Happily, one of my dearest friends has agreed to take her. She already has a 13-year-old cat whose kidneys were damaged during the pet food recall of several months ago. She thinks it will be nice to give him a companion, and has named her new kitty “Bella” – very fitting. My sainted husband will be spending his Saturday taking Bella to her new mom in Kentucky, about an 11-hour round trip drive. I, of course, can’t go. Damned allergies!

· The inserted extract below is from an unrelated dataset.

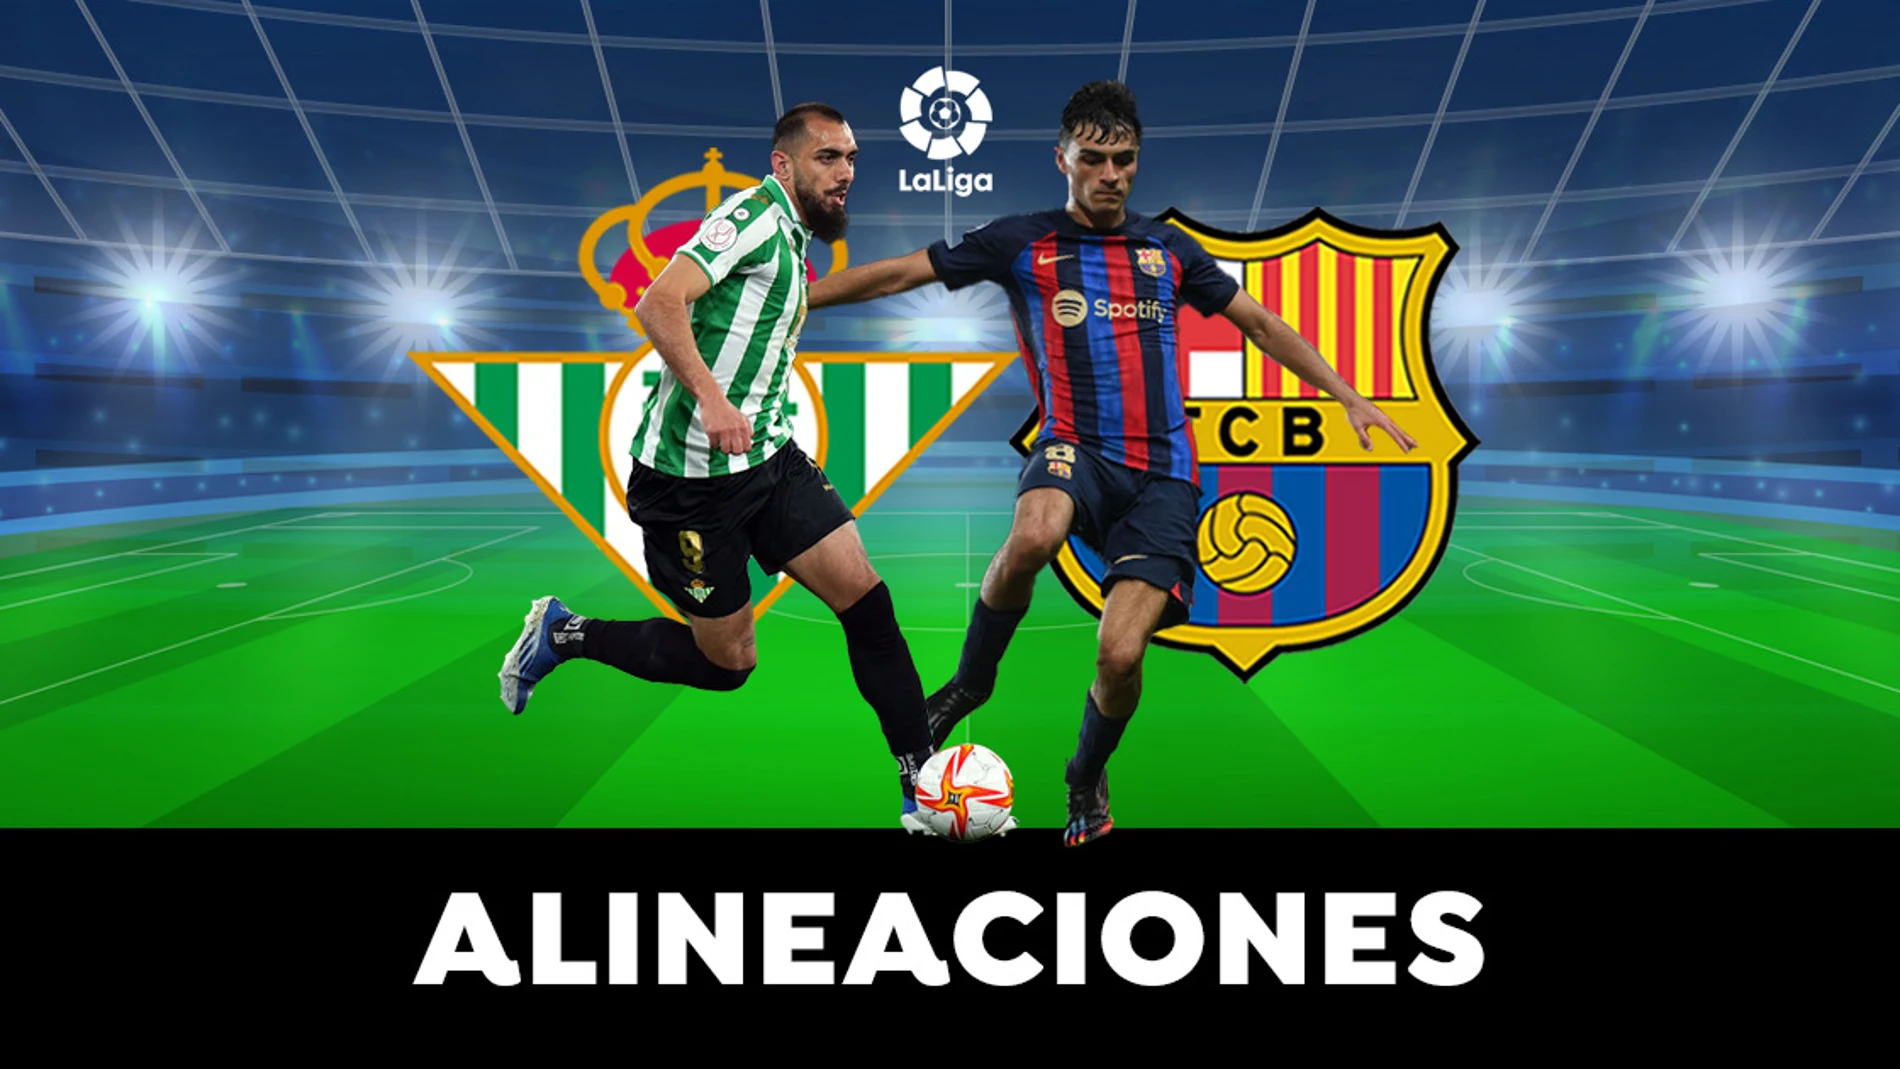 Betis - Barcelona: Alineaciones del partido de LaLiga

Though I am thrilled that Bella will have a wonderful home, I am so sad to have to send her away. She has been such a bright spot in my life. I’ve loved spending time with her, sitting in our rocking chairs with her, playing with bits of ribbon, rubbing her tummy as she looks up at me with big green eyes. I’ve even enjoyed giving her medicine to her and getting up to check on her early in the morning. For the past week, I’ve had a little creature to love, to care for, to nurture. And tomorrow morning she will leave and my heart will break . . . again.

So here I sit feeling like a failure. My body won't create a baby to love and nurture and care for. That same body refuses to allow me to even properly love and nurture and care for the little creatures that come my way. My mothering instincts are so strong, yet for some reason God doesn’t seem to want me to use them. Sure, I get fleeting opportunities now and then, but they never stay. They never ever stay. I don’t know why.


Some days it doesn’t matter as much. I throw myself into caring for myself, my friends and family, and especially my husband. But really, there is only so much nurturing that a 46-year-old man needs.

As O pointed out a few days ago, I’m doing everything I can to change this situation. I’m seeing an RE. I’ve also just started shots in hopes that eventually my allergies will be cured. That’s all well and good, but I am so tired of hoping for SOMEDAY.

Oh, and to add insult to injury I just got a call from my gyn. My period is 7+ weeks late so I went in for a beta HGC yesterday to confirm that I wasn’t pregnant before starting my next round of meds. I’d peed on countless sticks and knew my body was just screwing around with me once again, but I’d be lying if I said I didn’t have a tiny bit of hope. Silly silly me, to have hope.


Another negative. Another dream gone.


Today I feel barren. I’ve never been able to say that before, but I do.


Oh well, I guess I'll go hold tiny Bella before she goes away too.